Kepala Kantor Wilayah membuka langsung kegiatan tersebut dan menegaskan bahwa keberadaan Kementerian Hukum dan HAM melalui kantor wilayah merupakan bagian dari pelaksanaan tugas untuk membantu Presiden dalam urusan pemerintahan di bidang hukum, termasuk pembentukan produk hukum daerah.

Ia menekankan bahwa harmonisasi diperlukan agar peraturan daerah yang dihasilkan tidak menimbulkan sengketa di kemudian hari dan dapat berfungsi sebagai instrumen pembangunan hukum nasional yang mendukung kesejahteraan masyarakat.

Proses harmonisasi ini dilaksanakan berdasarkan ketentuan Pasal 58 dan Pasal 97D Undang-Undang Nomor 13 Tahun 2022 tentang Perubahan Kedua atas Undang-Undang Nomor 12 Tahun 2011 tentang Pembentukan Peraturan Perundang-undangan. Ketentuan tersebut memberikan kewenangan kepada Kementerian Hukum dan HAM untuk melaksanakan pengharmonisasian, pembulatan, dan pemantapan konsepsi terhadap rancangan peraturan daerah maupun peraturan kepala daerah. Selain itu, pelaksanaan kegiatan juga berpedoman pada Surat Keputusan Menteri Hukum Nomor M.HH-01.PP.02.01 Tahun 2023 guna meningkatkan efektivitas dan efisiensi proses harmonisasi.

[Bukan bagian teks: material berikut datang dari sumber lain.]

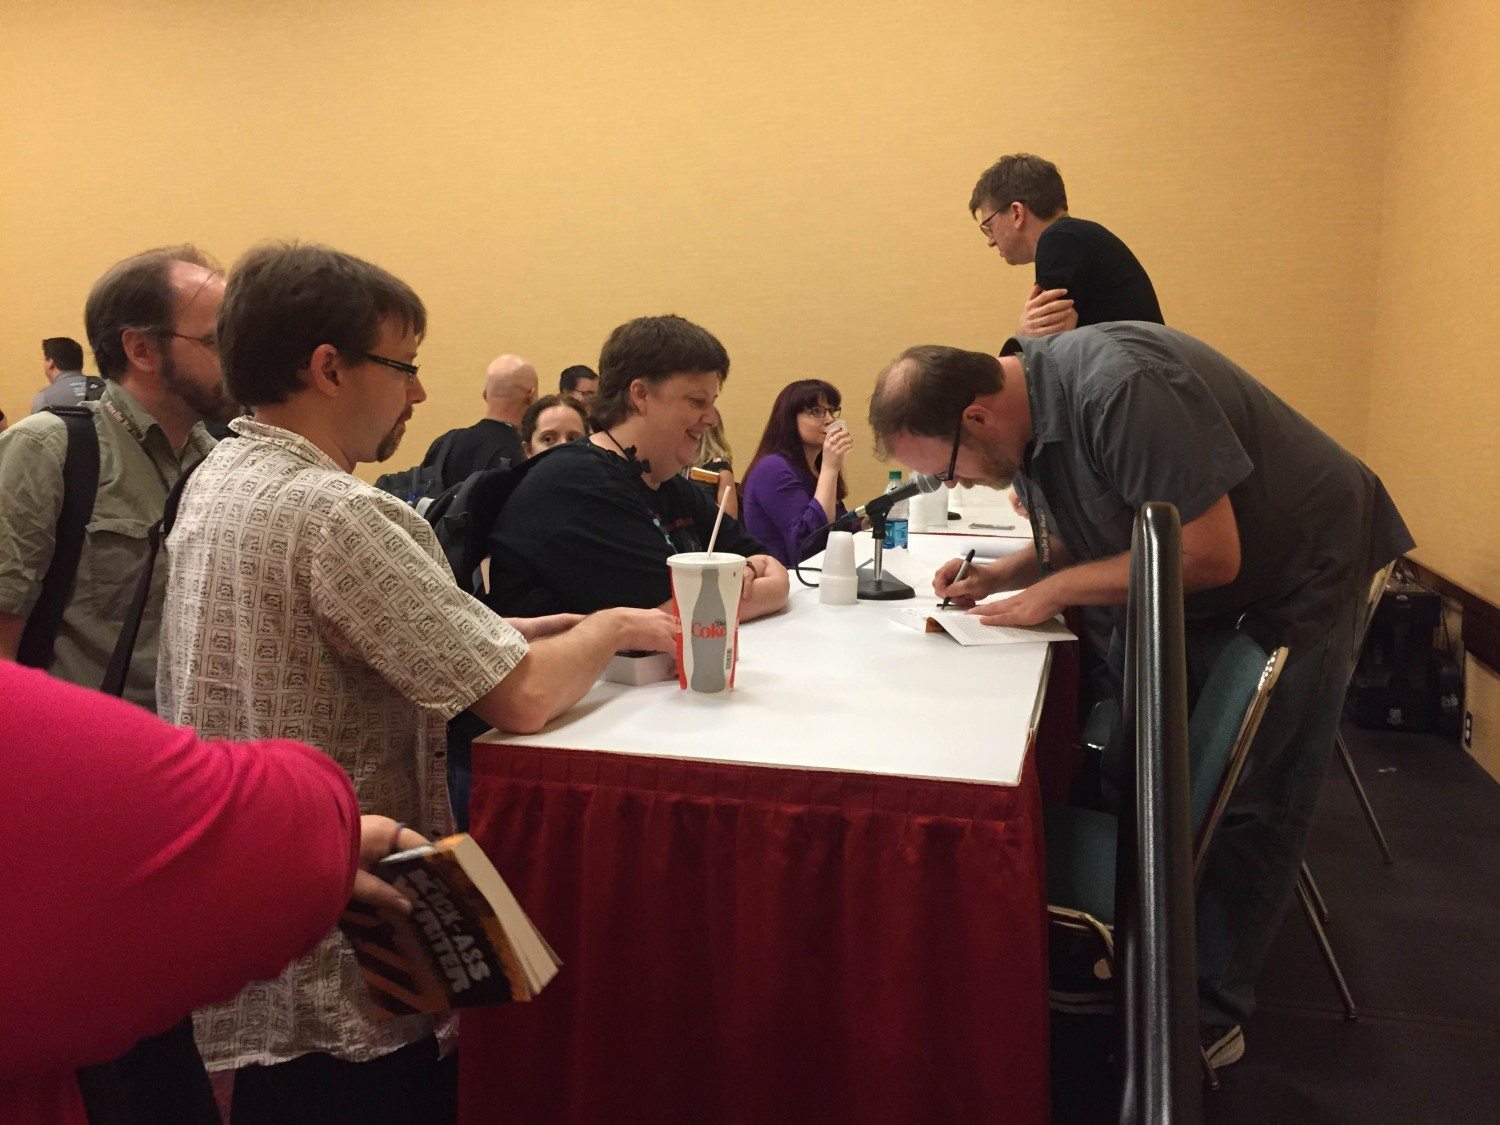 Chuck Wendig signs books for a fan after a panel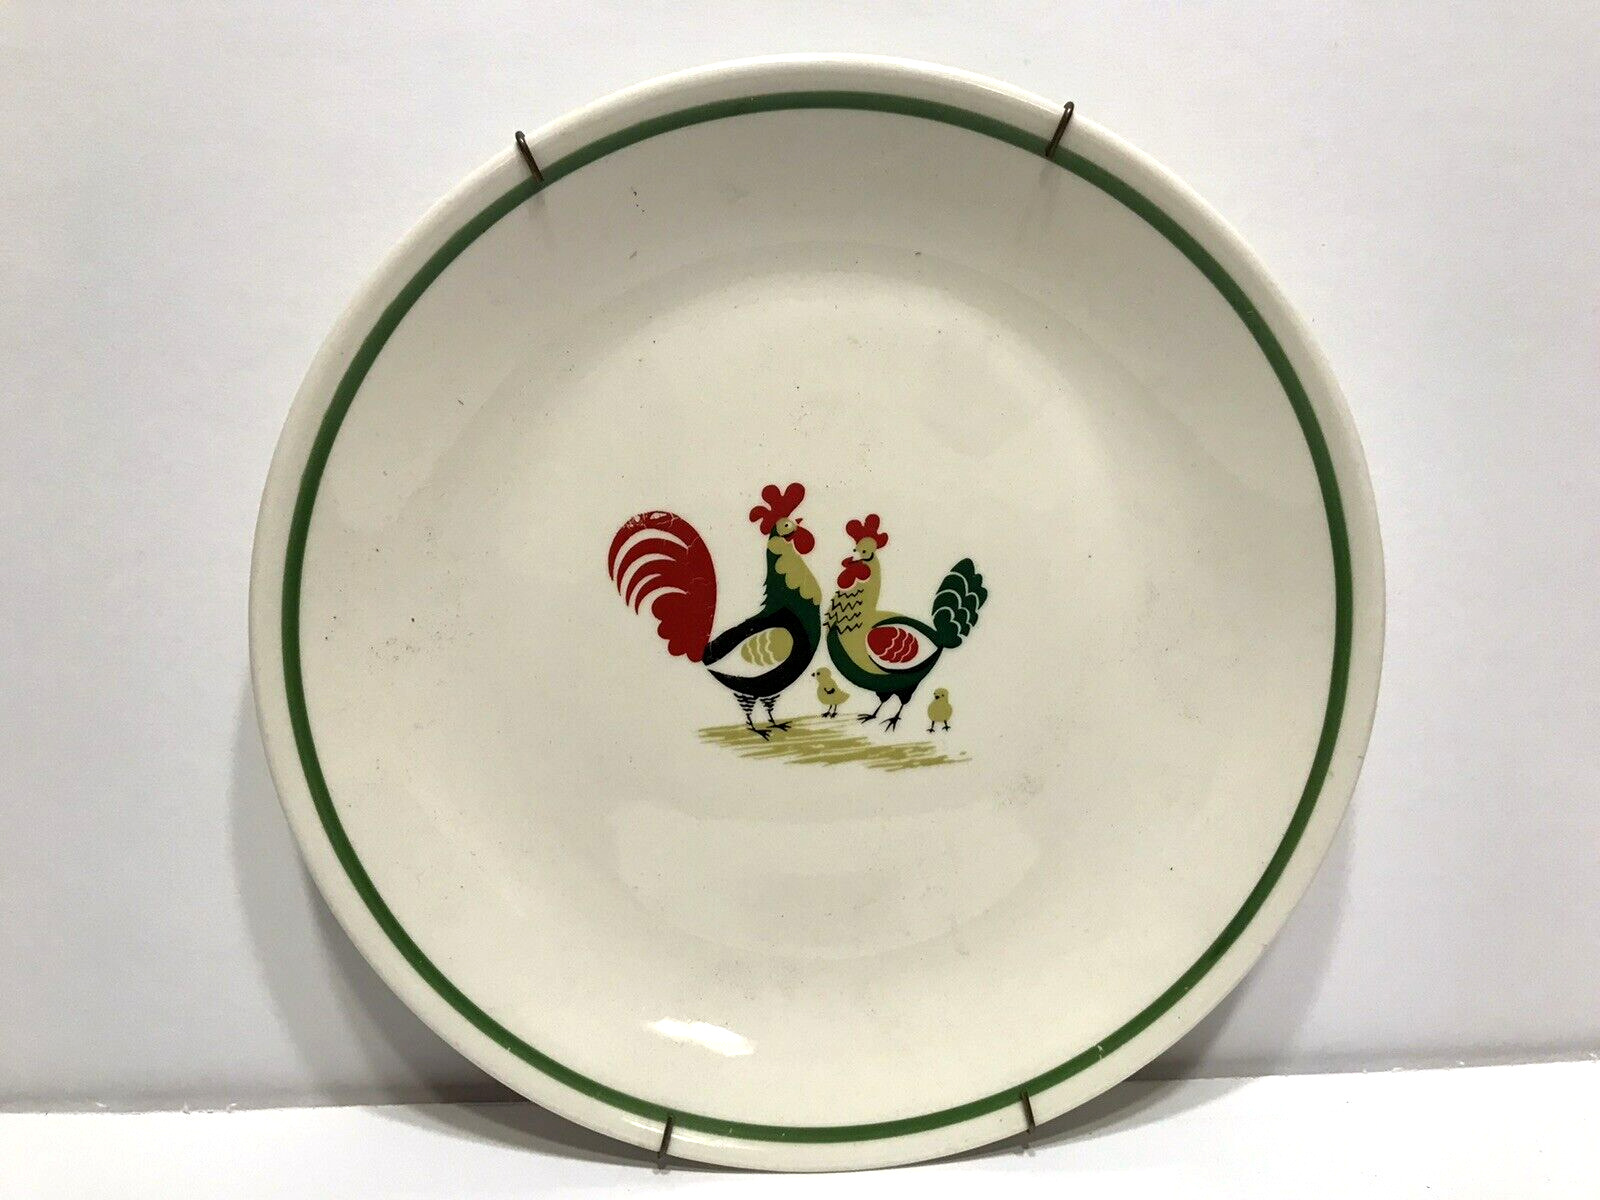 Vintage Steubenville Horizon Farmhouse Rooster Plate with Wall Hanger

Kegiatan ini difasilitasi berdasarkan surat permohonan dari Sekretaris Daerah Kabupaten Karo, sebagai upaya agar pemerintah daerah memahami pentingnya proses harmonisasi dalam pembentukan peraturan perundang-undangan.
Dengan demikian, diharapkan tidak ada peraturan daerah yang bertentangan baik secara vertikal dengan peraturan perundang-undangan di atasnya maupun secara horizontal dengan regulasi lain yang setara.
Setelah menyampaikan sambutan, Kepala Kantor Wilayah Kementerian Hukum dan HAM Sumatera Utara secara resmi membuka rapat harmonisasi tersebut.
Kegiatan ini menjadi langkah penting untuk memastikan bahwa Raperda terkait pendidikan dan hak penyandang disabilitas di Kabupaten Karo dapat tersusun secara komprehensif, adil, dan sesuai dengan ketentuan hukum yang berlaku, Tegasnya.